In the prefabricated energy-dissipating steel plate shear wall, the anti-buckling restraint support 1, the double-layer steel plate composite shear wall 3 and the steel beam 2 can all be prefabricated in the factory and installed after being transported to the site.

Specifically, in the embodiment shown in the drawings, steel beams 2 are arranged horizontally at intervals of 10 storeys, and are connected with buckling restraint supports 1 and double-layer steel plate composite shear walls 3 . The core unit of anti-buckling restraint brace 1 is made of low yield strength high ductility steel, and its cross-section is cross-shaped. The section of the steel beam 2 is an I-shaped section, and stiffeners 4 are arranged on its web. The anti-buckling restraint support 1 is rigidly connected to the end of the steel beam 2, that is, connected by high-strength bolts 6 . The ends of the double-layer steel plate composite shear wall 3 and the steel beam 2 are connected by welding.
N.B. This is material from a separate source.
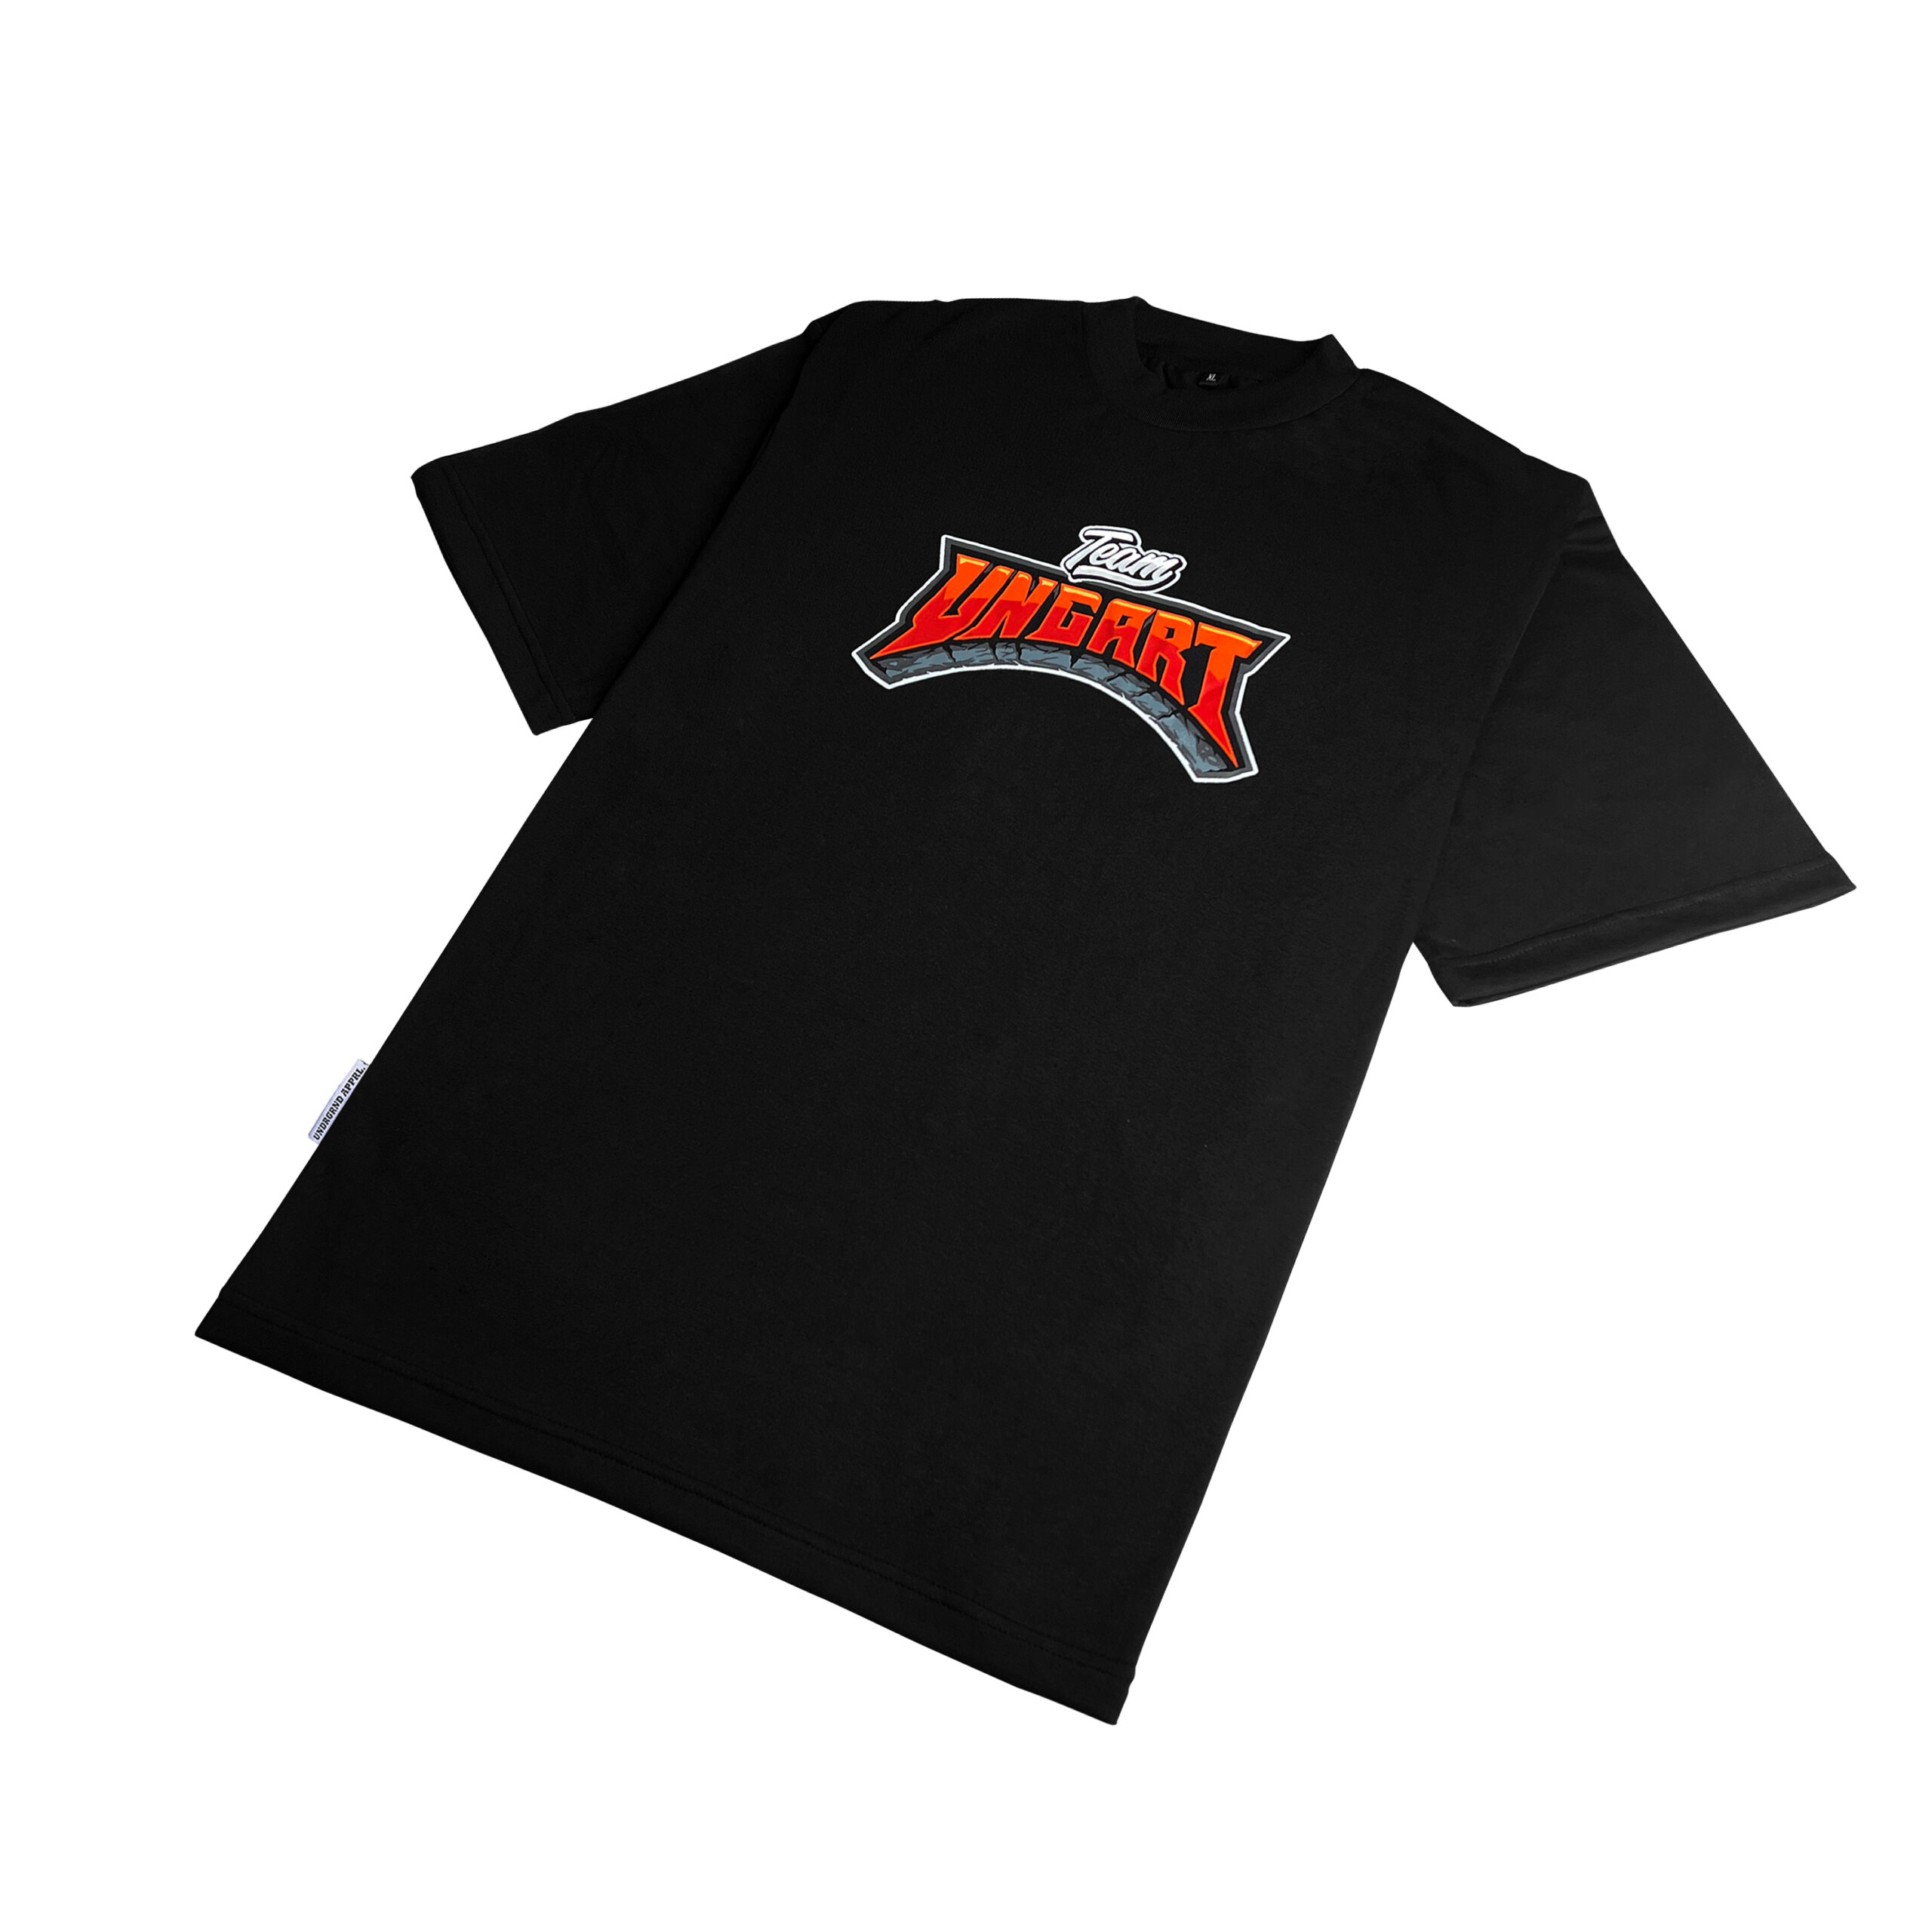 Team Ungart Logo Shirt – Underground Apparel

The utility model has the characteristics of superior seismic performance, high ductility, strong hysteresis energy consumption capacity and the like. The utility model has the advantages of clear concept, convenient construction and reasonable cost, and will be widely used in high-rise and super high-rise building structures.

Claims (6)

1. A prefabricated energy-dissipating steel plate shear wall is characterized in that: it is mainly composed of anti-buckling restraint braces, steel beams, and double-layer steel plate composite shear walls, and the buckling-resistant restraint braces are formed in double-layer steel plate composite shear walls. Both sides of the force wall are symmetrically arranged, and there is a certain gap between the double-layer steel plate combined shear wall. Composite shear wall connections. 2. A prefabricated energy-dissipative steel plate shear wall according to claim 1, characterized in that: the buckling-resistant restraint support is composed of a core unit, a restraint unit and an unbonded layer between them, and the The core unit is made of low yield strength high ductility steel or high yield strength high ductility steel, the constraint unit is steel pipe filled with concrete or pure steel constraint, and the unbonded layer is made of unbonded material become. 3. A prefabricated energy-dissipating steel plate shear wall according to claim 1, characterized in that: the steel beam section is an I-shaped section or an H-shaped section, and stiffeners are arranged on its web. 4. A prefabricated energy-dissipating steel plate shear wall according to claim 1, characterized in that: said double-layer steel plate composite shear wall is a shear wall in which steel bars are distributed in double-layer steel plates and concrete is poured, The end of the double-layer steel plate composite shear wall is provided with constrained edge members. 5. A prefabricated energy-dissipating steel plate shear wall according to claim 1, characterized in that: said buckling restraint support is hinged or rigidly connected to the end of the steel beam. 6. A prefabricated energy-dissipating steel plate shear wall according to claim 1, characterized in that: the end of the double-layer steel plate composite shear wall is connected to the steel beam by welding or high-strength bolts.